This move follows two new grants awarded to researchers and aims to benefit chemical and personal care companies with non-animal methods.
"Funding research for non-animal testing methods is one of our most vital campaigns," says Jessica Sandler, director of PETA's Regulatory Testing Division.
Through the McGrath Family Foundation of San Diego, which supports PETA's efforts to replace animals in laboratories with modern alternatives, PETA has given a $62,000 grant to the International QSAR Foundation to support the acceptance of an alternative to carcinogenicity testing for drug development, cosmetics ingredients, and chemical testing.
In addition, PETA UK, one of PETA's overseas affiliates-is giving a $130,000 grant to CRO CeeTox for the validation of a non-animal skin allergy test that is commonly used to test cosmetics.
PETA claims that in the current animal tests, 32 to 80 guinea pigs or 16 to 60 mice have chemical substances repeatedly smeared onto their skins or injected into their bodies.

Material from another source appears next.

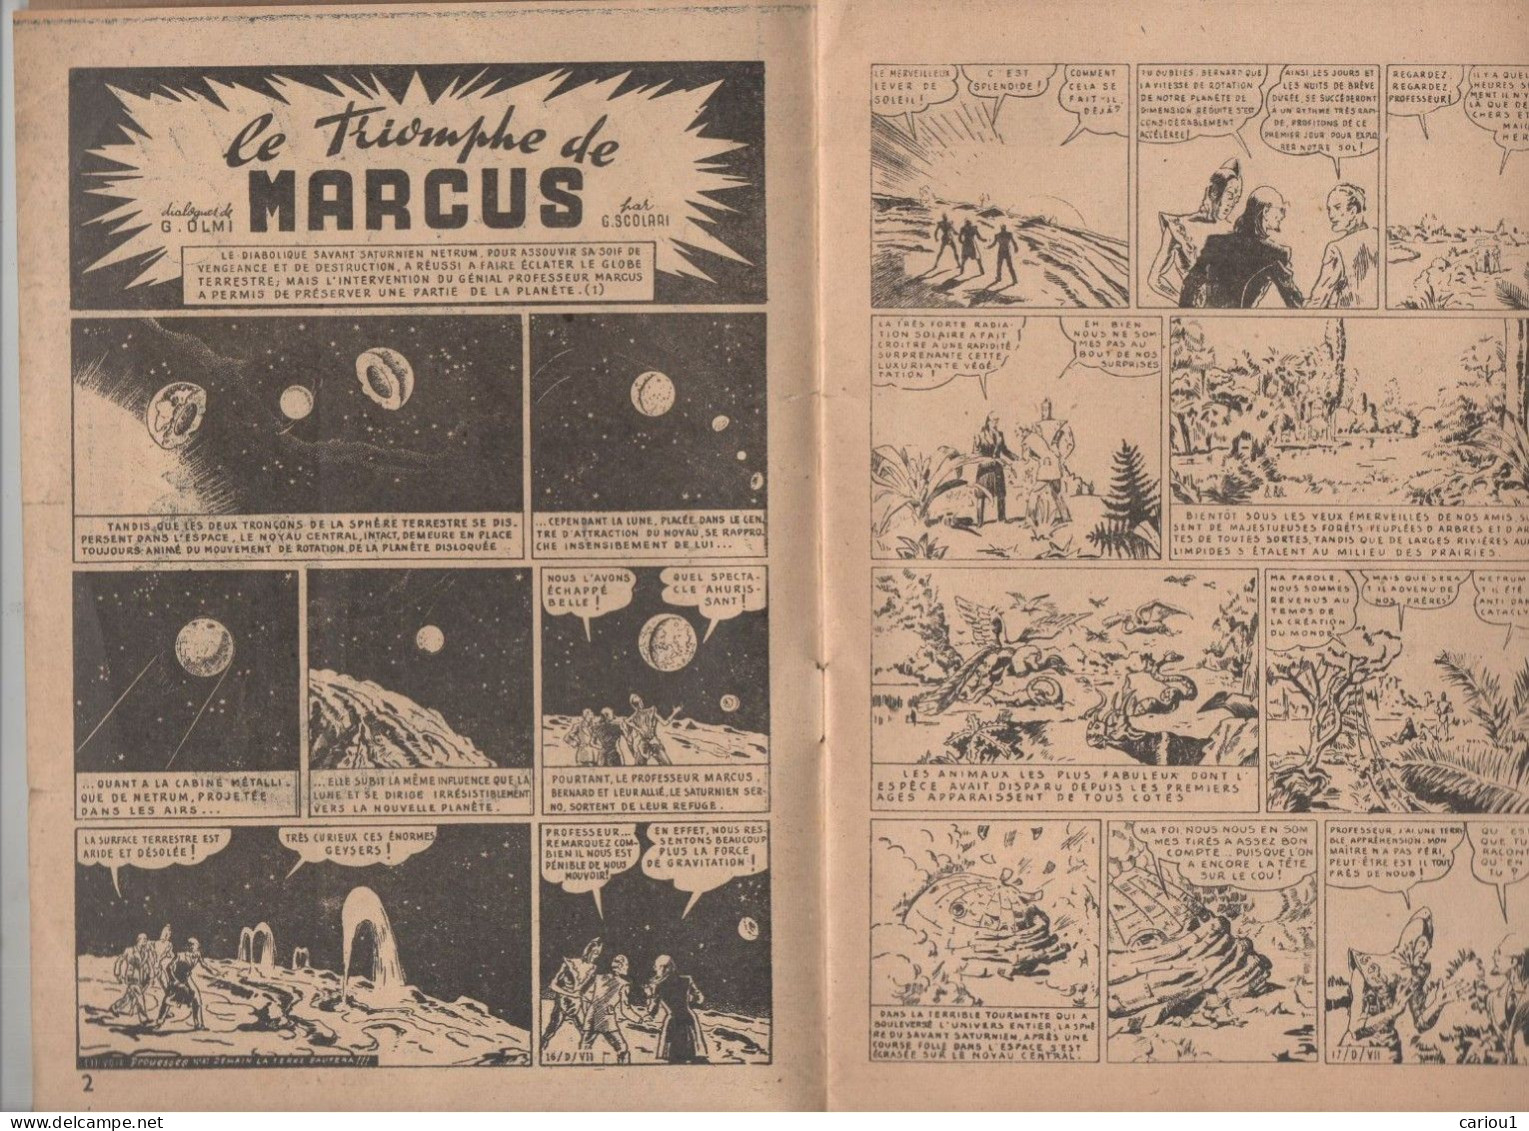 C1 SCOLARI Triomphe Marcus SELECTIONS PROUESSES # 2 1948 Saturne Contre Terre SF Port Inclus France - Vóór 1950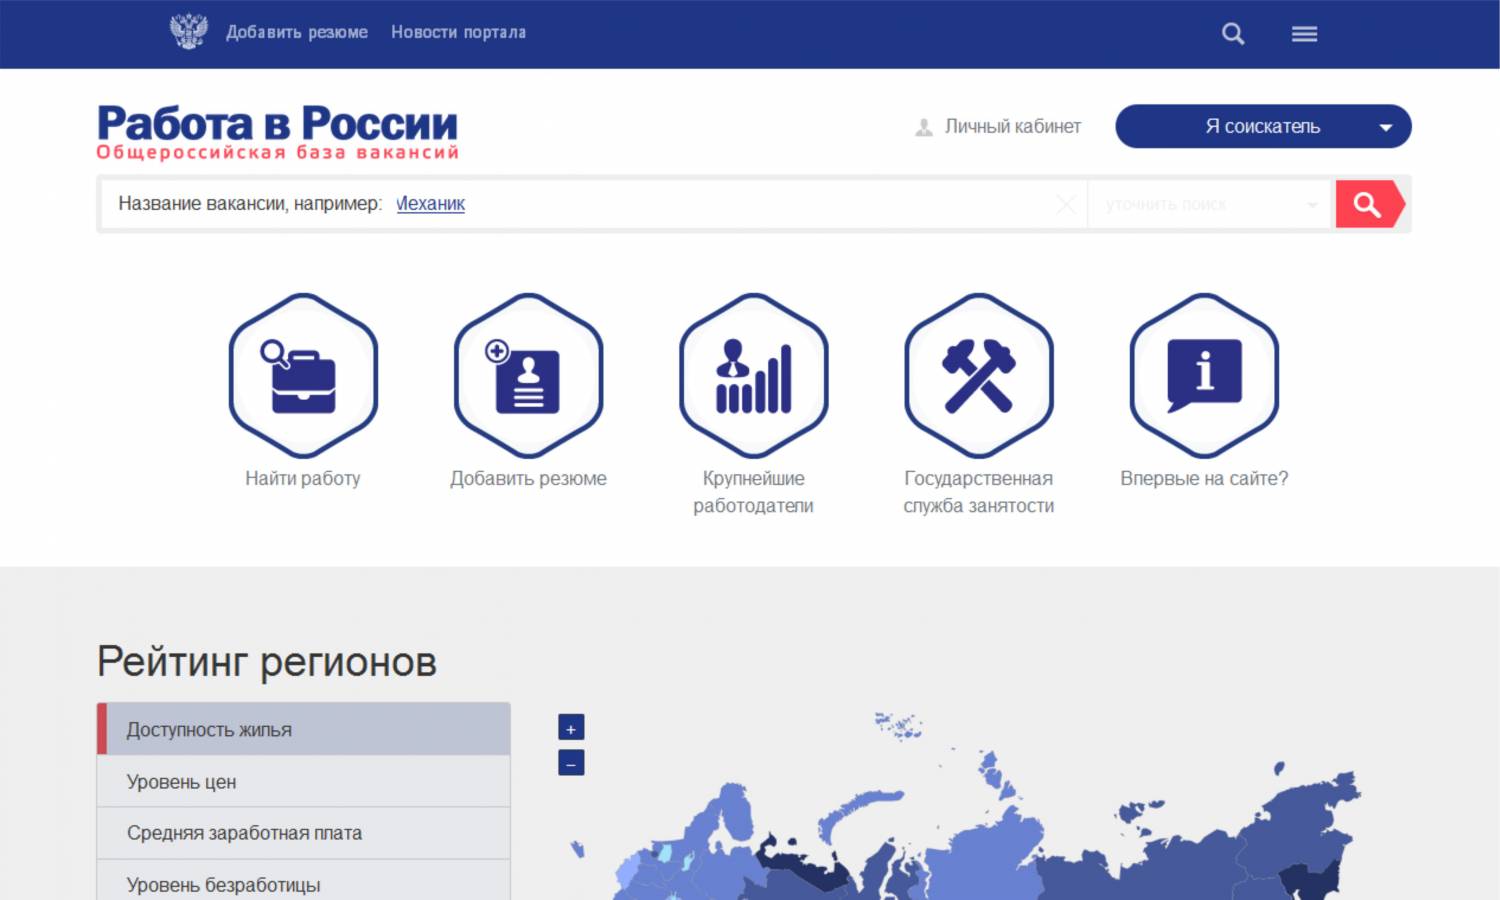 Портал «Работа в России» - найдите работу прямо сейчас!

Among PETA's previous grants was support for the validation of a non-animal skin irritation method that was subsequently accepted by the Organization for Economic Cooperation and Development and that has replaced the use of rabbits for chemical testing worldwide.
Synthetic skin option
Earlier this year, researchers from Ohio State University explored one of the options to finally drive animal testing out of the cosmetics industry, by replacing animal skin with synthetic skin.
The research suggested that currently available types of synthetic skin may now be good enough to imitate animal skin in laboratory tests, and may be on their way to truly simulating human skin in the future.
Researchers compared the response of synthetic skins to rat skin when they were both exposed to a generic skin cream treatment, and the results indicated they both reacted similarly.